European furniture giant is biggest buyer for Lithhanian company's production.
A Lithuanian furniture maker has chosen Mocksville in Davie County for a factory that will employ 250 by the end of 2029.
SBA Group was awarded a state economic-development grant valued at nearly $1.9 million by the state Economic Investment Committee Tuesday morning in return for creating the jobs over a four year period. The company expects to invest $50.8 million for a 500,000-square-foot facility.
Mocksville and Davie County offered incentive packages worth about $800,000, and Mocksville’s primary competition was a site in Cherokee County, South Carolina, according to the state Department of Commerce.

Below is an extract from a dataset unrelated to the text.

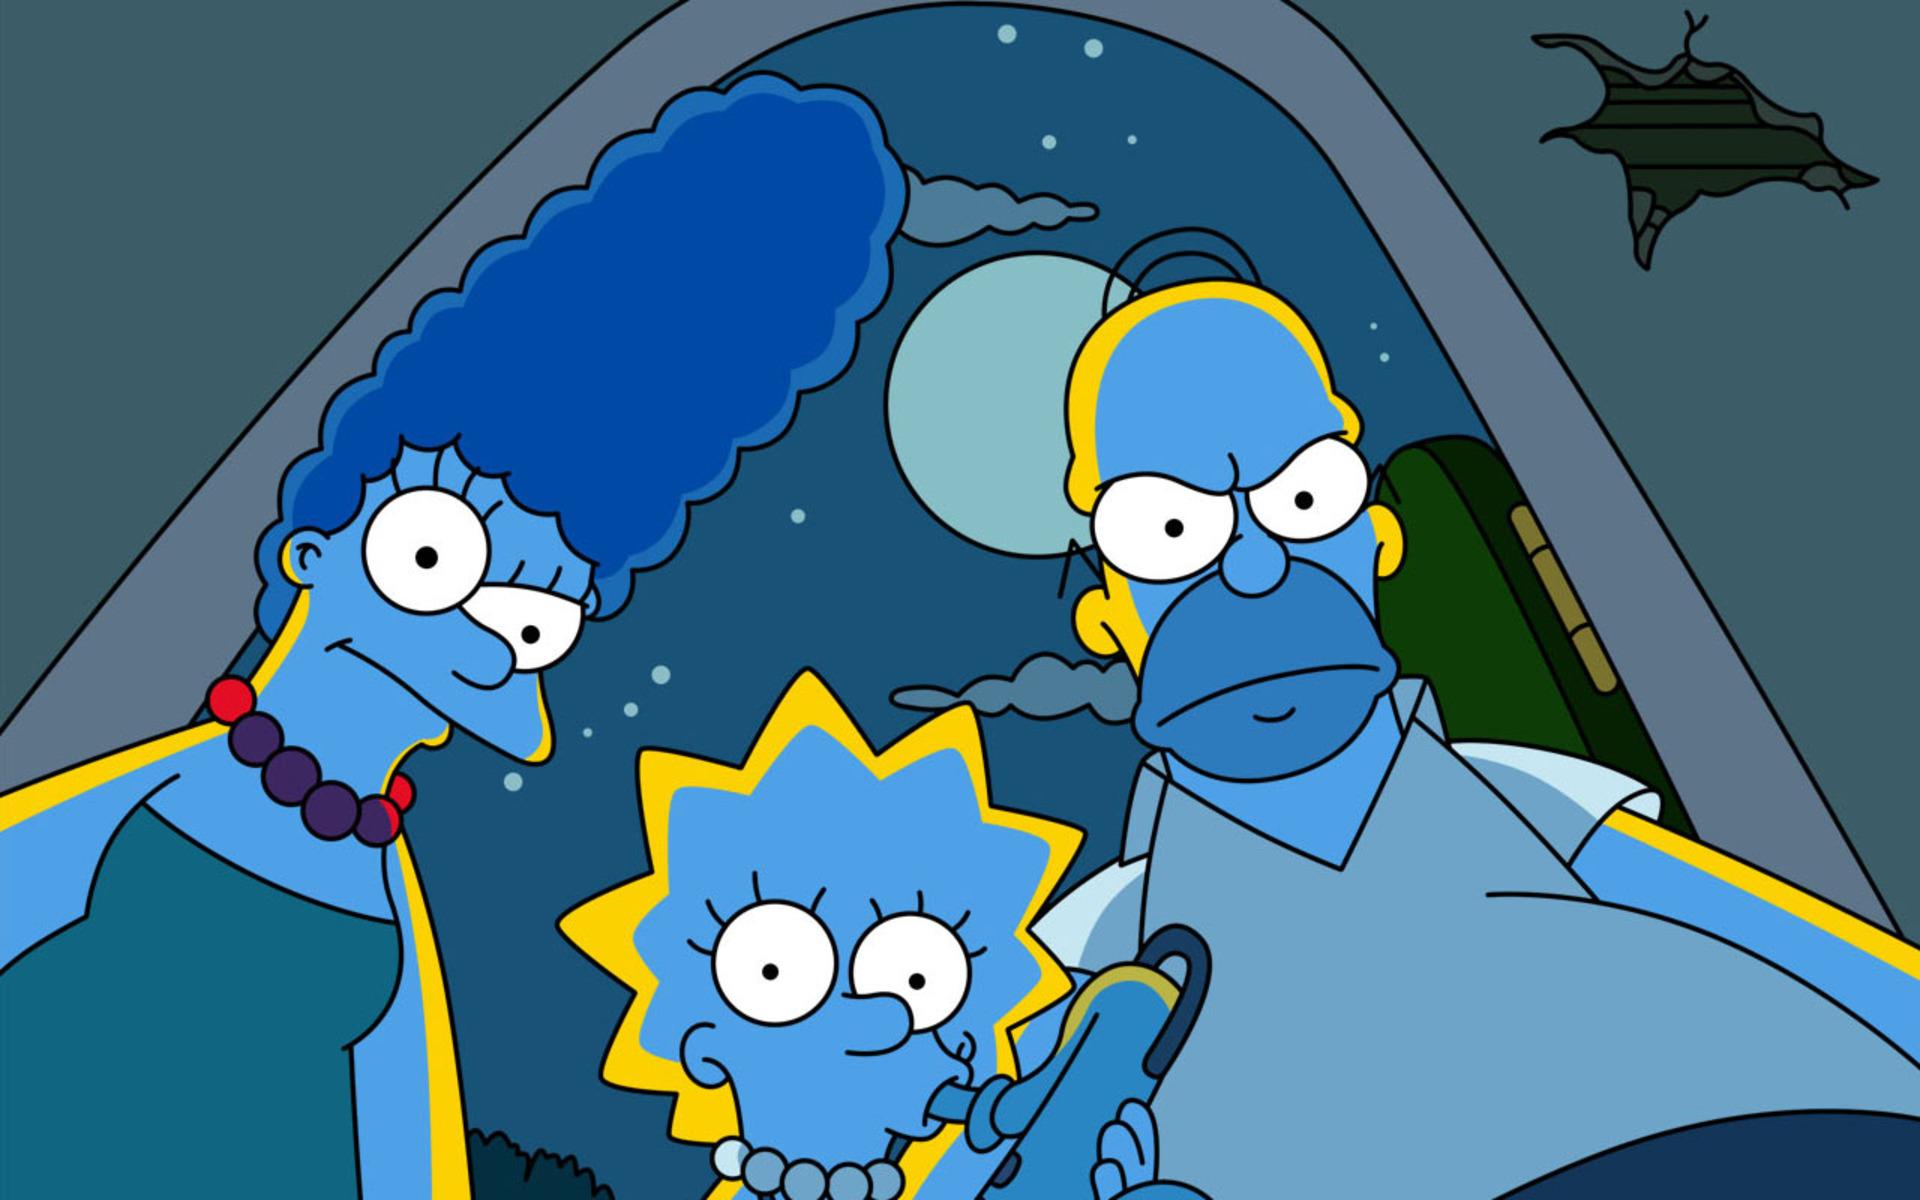 64+ Simpsons Mac Wallpaper on WallpaperSafari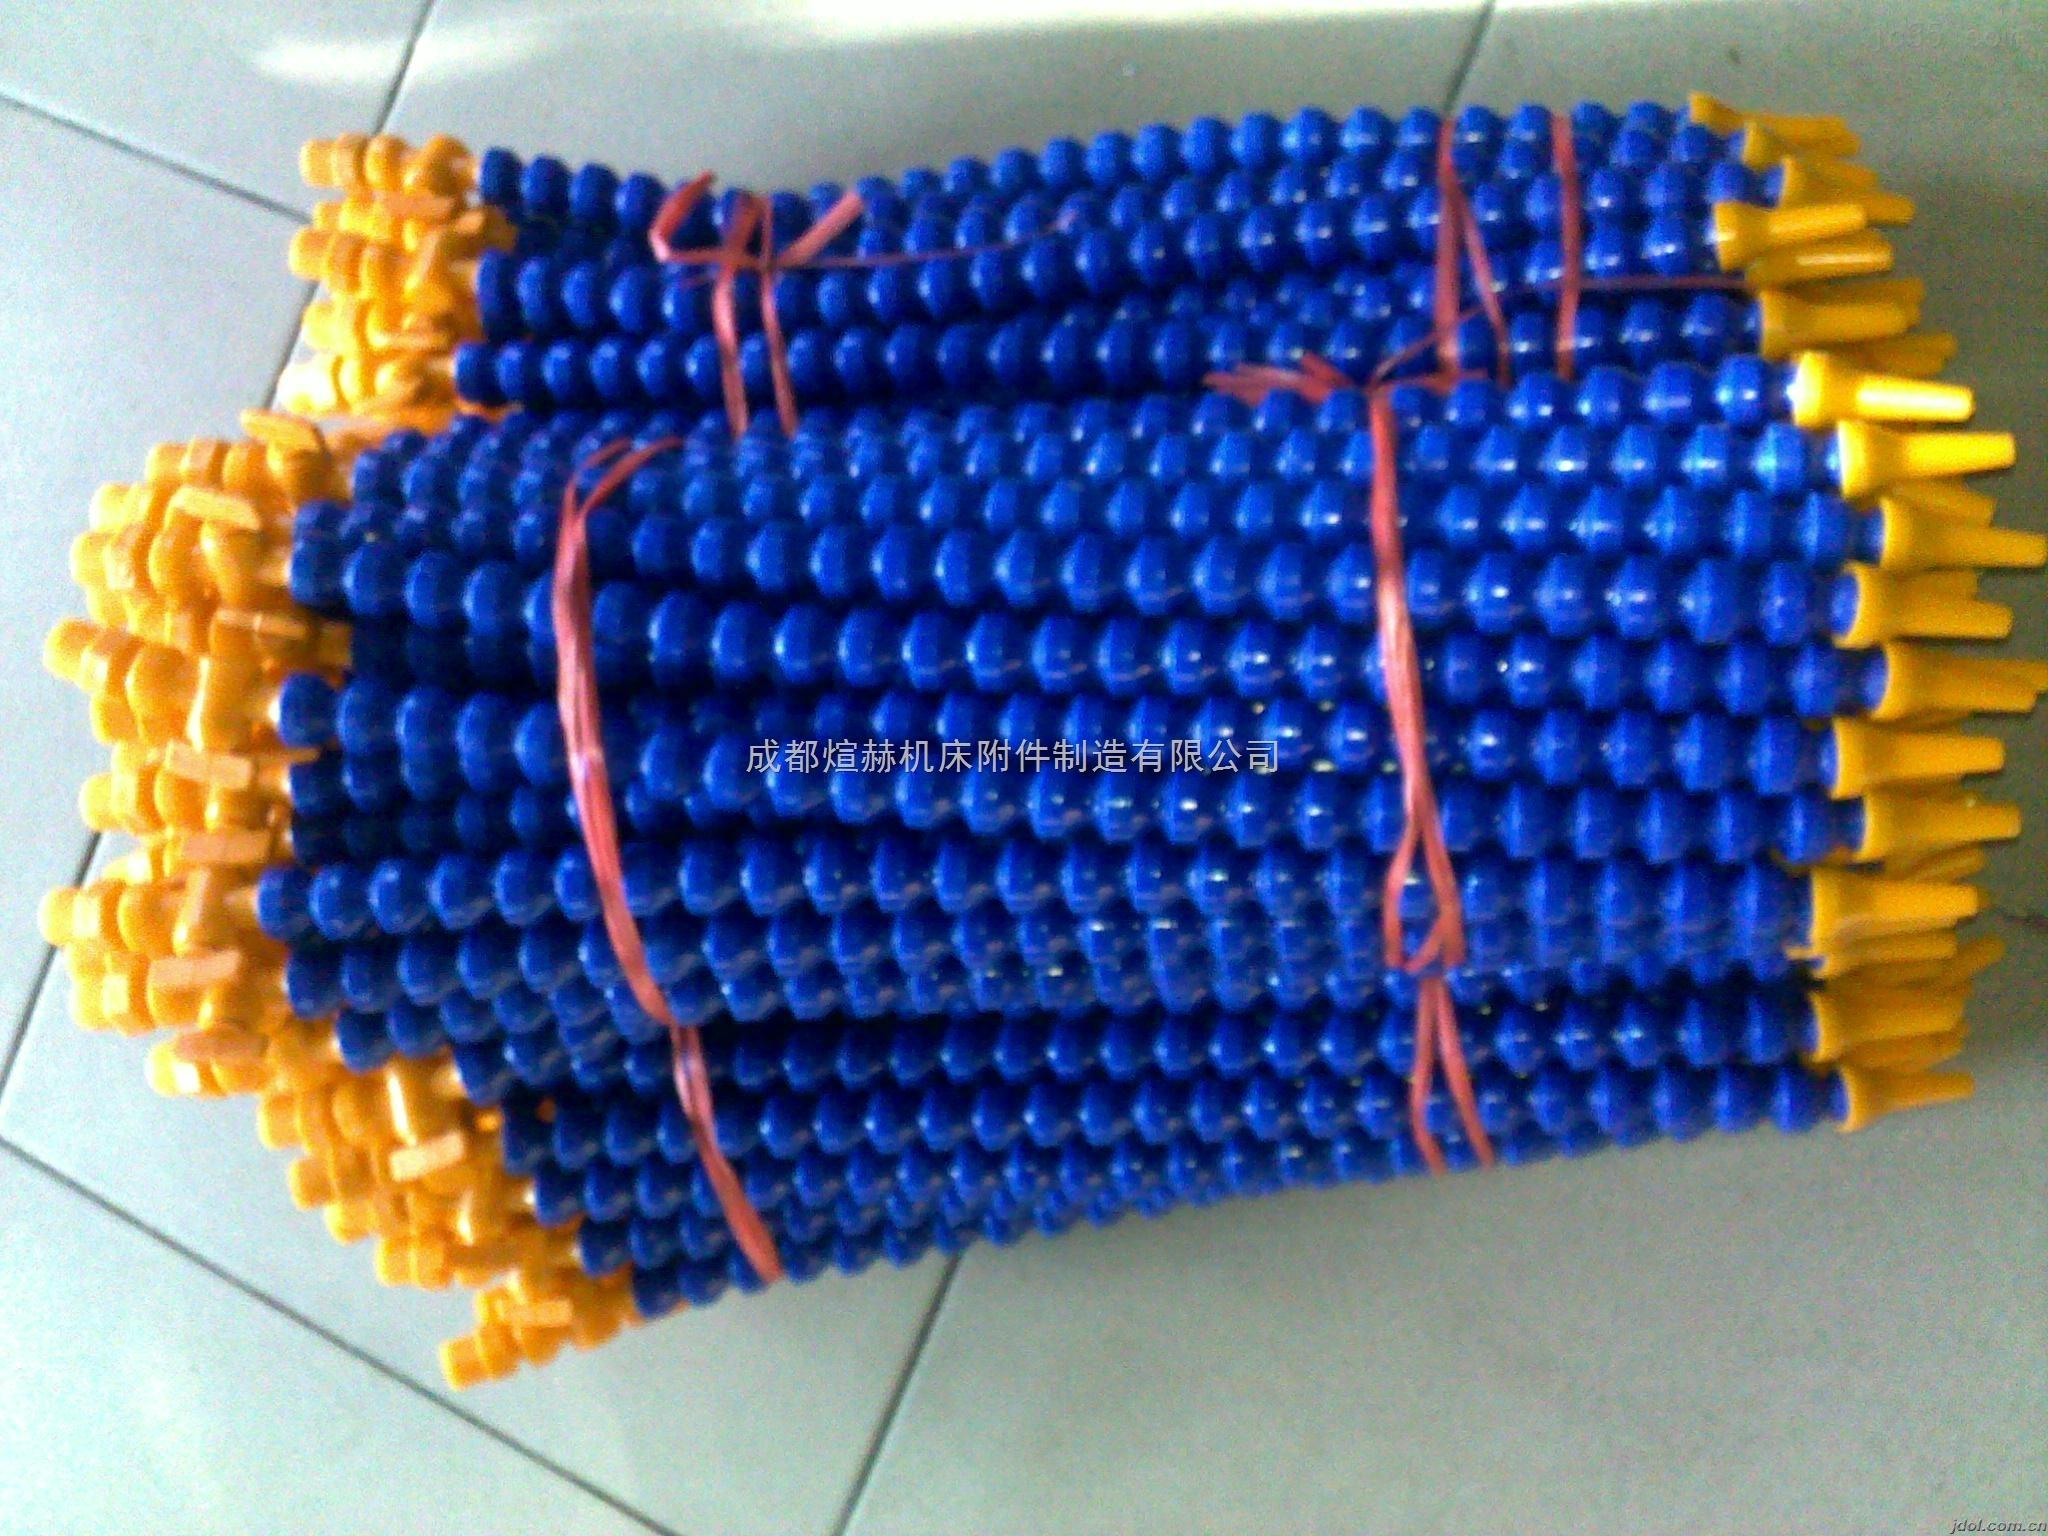 塑料冷却管生产厂家产品图片

The primary decision factors were availability of skilled labor, cost of operations, the overall business climate, and discretionary incentives, according to Commerce.
The jobs will pay an average wage of $53,470, according to the agency.
The agency said SBA Group employs more than 3,000 across five factories in Lithuania, and its furniture division exports 800 products to 50 countries. Products include wood veneer-covered plywood furniture, cabinets, sofas, armchairs and other furniture.
SBA Group also has divisions in apparel, real estate, modular construction, investment management and business services.
Its primary furniture buyer is IKEA, and it announced plans in October to open a factory in an unidentified site in the southeastern United States, according to balticnews. The only IKEA in North Carolina is in Charlotte; the company backed out of plans to build a store in Cary in 2018.
Its furniture division sold 389 Euros worth of products in 2022, according to The Lithuanian Tribune.
The company said in a press release at the time that the U.S. factory will be “highly robotized.” It stresses robotic operations in its home-country factories. SBA Home Jurgita Radzevice said in the release that the company was choosing between three sites but had already bought the equipment and it was being shipped from Germany.
The expansion project is led by Ramunas Marozas, who had run a plant in the company’s Inno line near the city of Klaipeda. The company said it will have about 30 professionals from Lithuania working on the U.S. project.
The company said separately that the factory will produce around 380 pieces of furniture per hour.
The site the company chose is at 187 Gildan Drive, in the Davie Industrial Center, Davie County Economic Development Commission President Terry Bralley told the Triad Business Journal.
The park is a project of Windsor Commercial of Greensboro. Heyward Holdings was the first occupant, announcing a distribution center there in 2021.
Bralley said a primary factor in the company's decision appeared to be availability of a building ready to be upfitted, as well as access to a good workforce and supply chain in the Southeast.